**DESCRIPTION OF THE TASK**
Look through the data below for the line with "Bridget McKenzie gave" and the line with "4 Blue Floral", then output those two and all lines in between, exactly as written.

**RECORDS FOR THIS EXERCISE**
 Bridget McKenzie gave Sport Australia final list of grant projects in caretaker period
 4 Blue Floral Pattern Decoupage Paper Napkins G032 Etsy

---

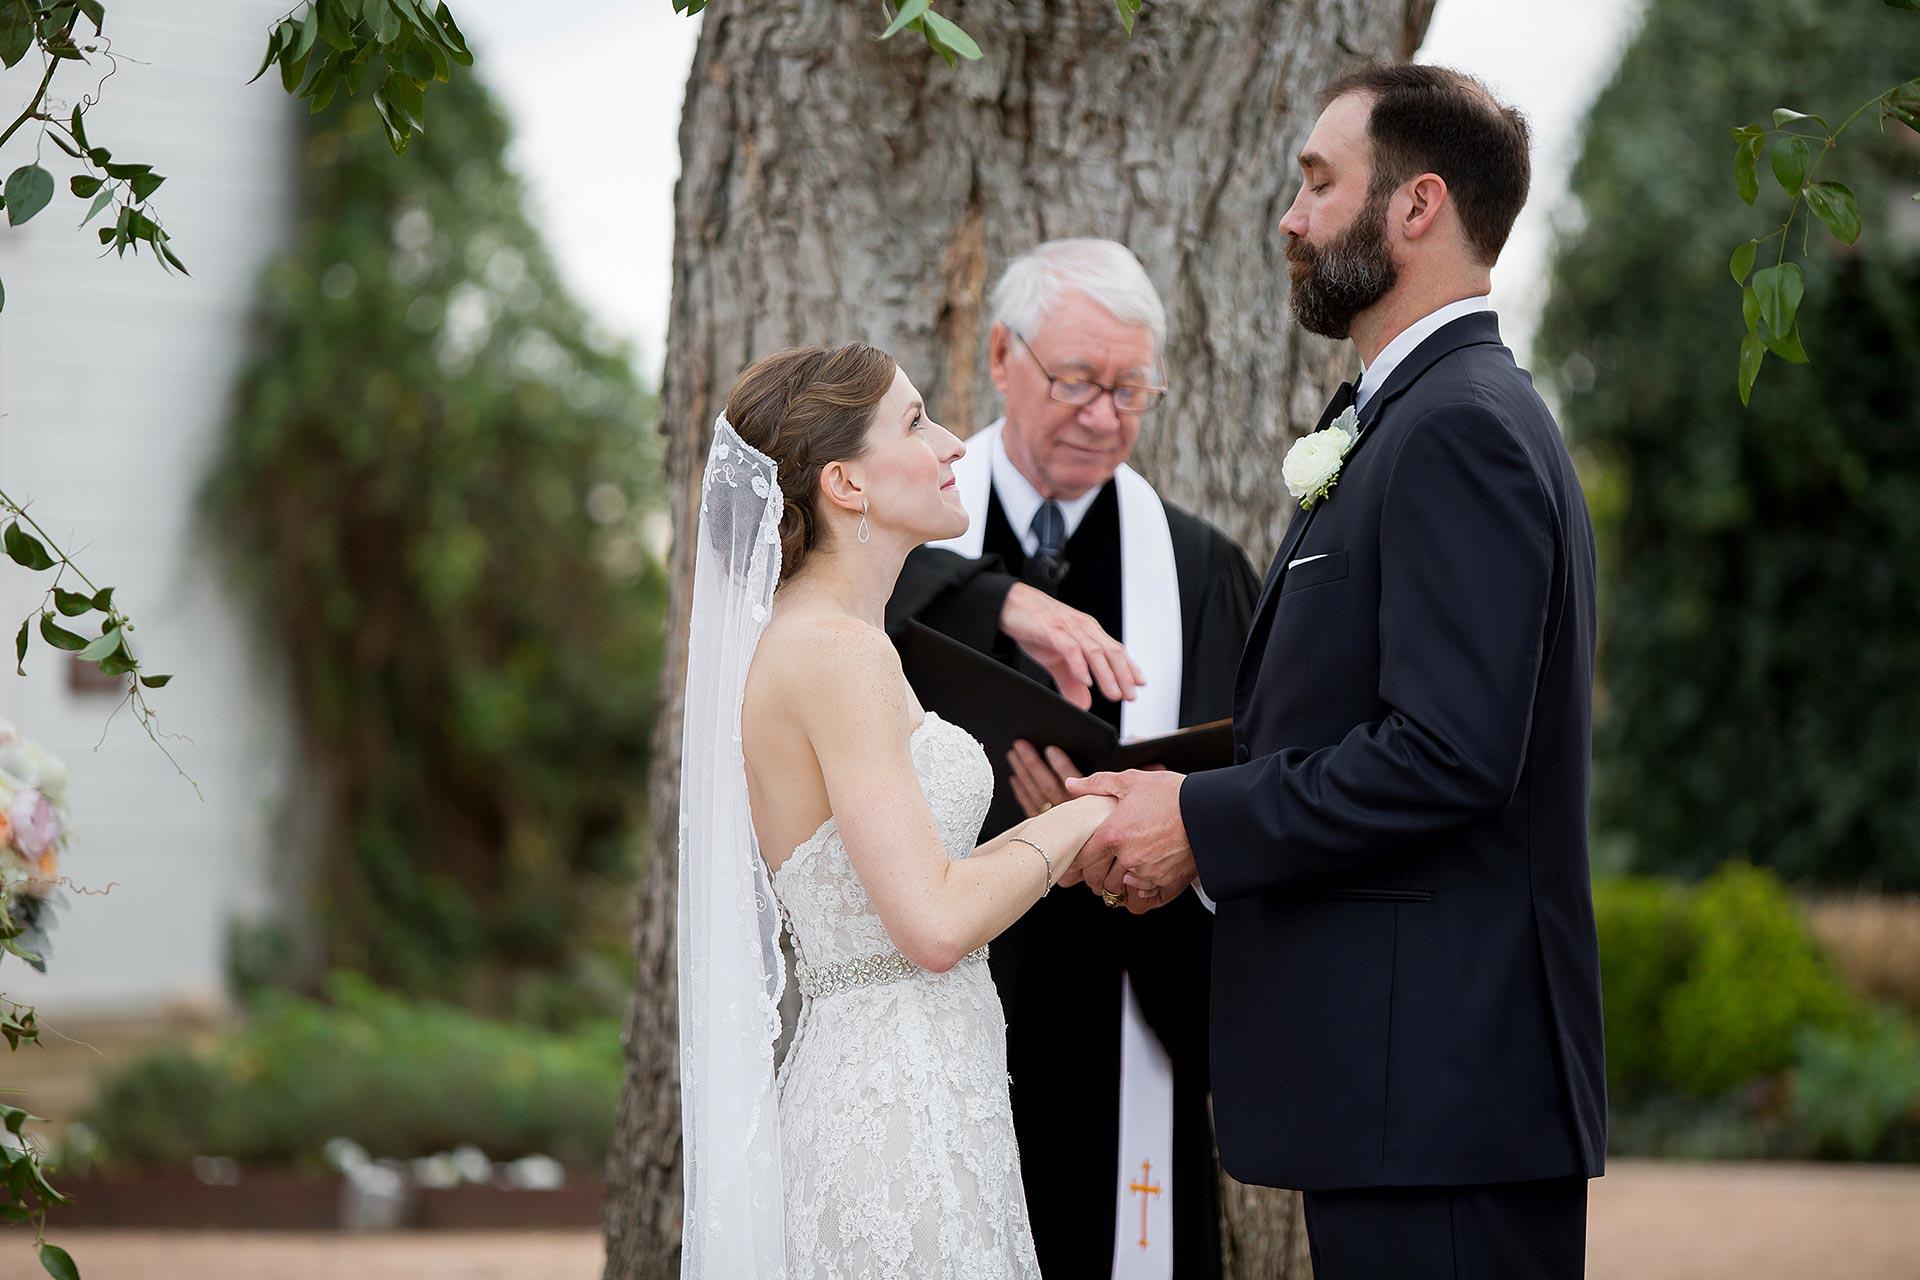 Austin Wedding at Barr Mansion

**RESPONSE BELOW**
 Bridget McKenzie gave Sport Australia final list of grant projects in caretaker period
 4 Blue Floral Pattern Decoupage Paper Napkins G032 Etsy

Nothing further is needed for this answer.